# Taking a hamser abroad



## Naribus (Jul 23, 2013)

I want to get a hamster and the only problem is holidays. I don't have anyone I would be happy enough to leave my hamster with and pet sitting costs a fortune, so I was thinking if I could take it with me to Poland and found this on the DEFRA website:
_There are no restrictions on bringing pet rodents, rabbits, birds, ornamental fish, invertebrates, amphibians and reptiles to the UK from other EU countries.Pet rabbits and rodents from other countries must spend 4 months in*quarantine. They need a*rabies import licence*and must enter the UK at a*Border Inspection Post._

Am I right to understand I could take it to Poland (there's no problem in taking it there), and back into the UK? I don't want any problems later on, so I want to know before I do anything


----------



## Lil Miss (Dec 11, 2010)

i really wouldnt, the stress on the animal would be huge, it would also be quite expensive as well to "ship" a hamster


----------



## ClaireyFairy (Jan 30, 2014)

Have you asked around on here and hamster forums about pet sitters?
You'll find that people who love animals but don't have a pet sitting business will often offer to look after peoples pets while they are away and will do it for free or for a very small fee.

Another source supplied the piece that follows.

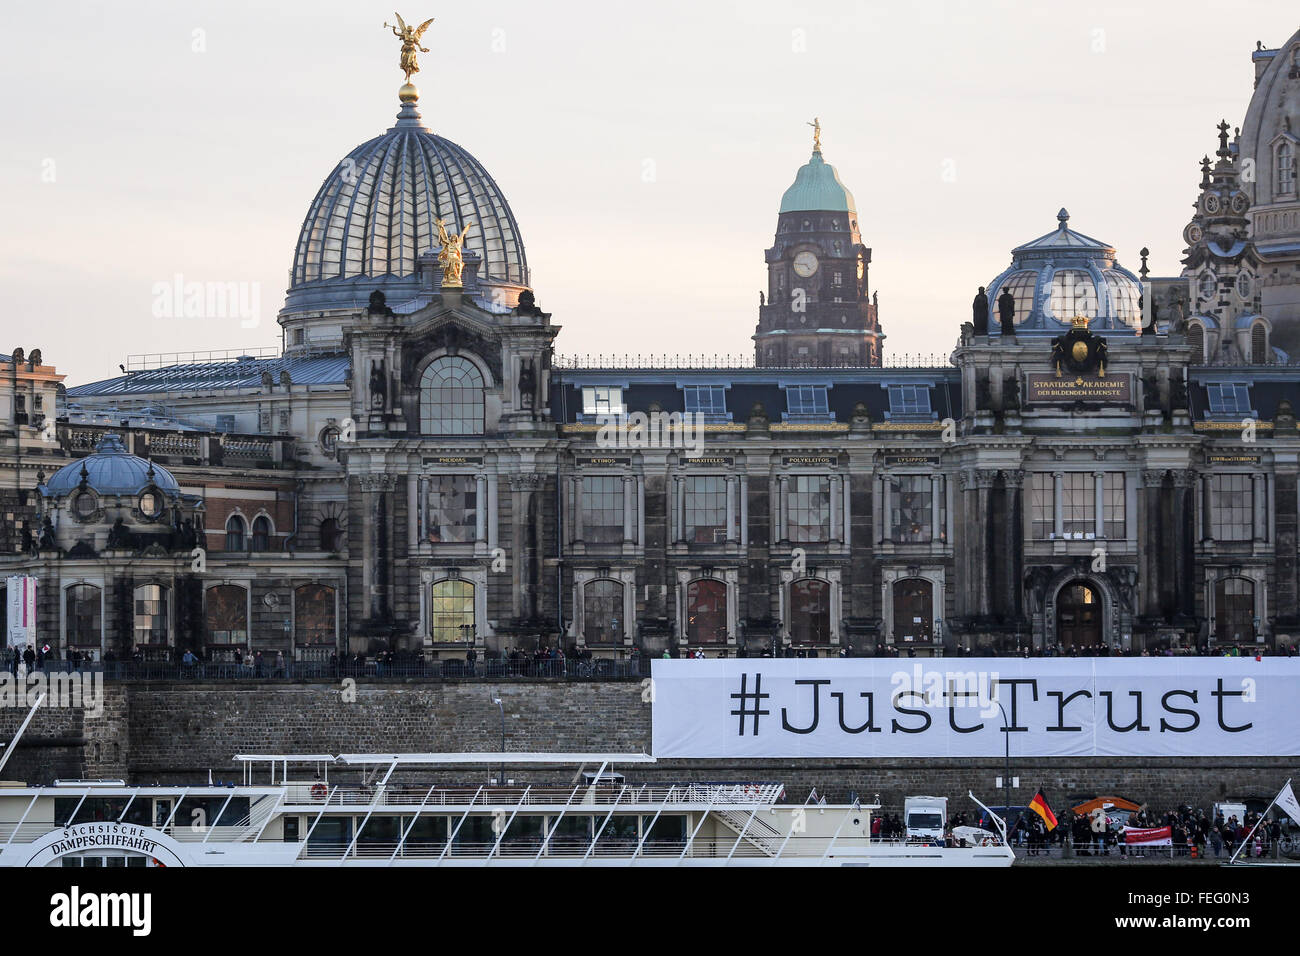 (160207) -- Dresde, 7 février 2016 (Xinhua) -- contre-manifestants contre un rassemblement du mouvement anti-Islam PEGIDA afficher une bannière disant 'trust' juste pendant un rassemblement à Dresde, Allemagne, le 6 février 2016. Des milliers de partisans du mouvement anti-Islam le PEGIDA ont manifesté contre l'admission des réfugiés le samedi après-midi, à l'est de la ville allemande de Dresde. Entre-temps, des milliers de contre-manifestants se sont rassemblés samedi matin à Dresde, portant des pancartes avec des slogans tel que "Pas de place pour des Nazis". De nombreux policiers étaient sur place pour empêcher des affrontements entre l'PEGIDA et leur compter Banque D'Images

I have looked after loads of peoples hamsters/rabbits/guinea pigs/gerbils etc while they have been on holiday (one person was away for 6 months) and all I asked was that they provided me with their pets food and bedding for the time they were gone.
I didn't charge anything but everyone would always offer me a little something and I'd donate that to a rescue


----------



## emzybabe (Jun 30, 2009)

I dont think any plane, coach or ferry will let you take a hamster. I think the stress would also kill them. Many rescues will look after small furries reasonably


----------



## orchardfarm (Feb 8, 2014)

I have travelled to Italy several times using the tunnel and car with my dog,rabbits and degu's with out any problem the only restriction within the EU is for dogs,cats and ferrets because of the rabies risk. Sorry for my ignorance but is Poland a member of the EU.


----------



## dave123791 (Oct 21, 2013)

I had the same problem but i found a pet sitter who took care of my hamster. I know a guy who was breeding hamsters here and selling them in Ukraine and he got caught ones and he had to pay £2000 so i wouldn't risk it


----------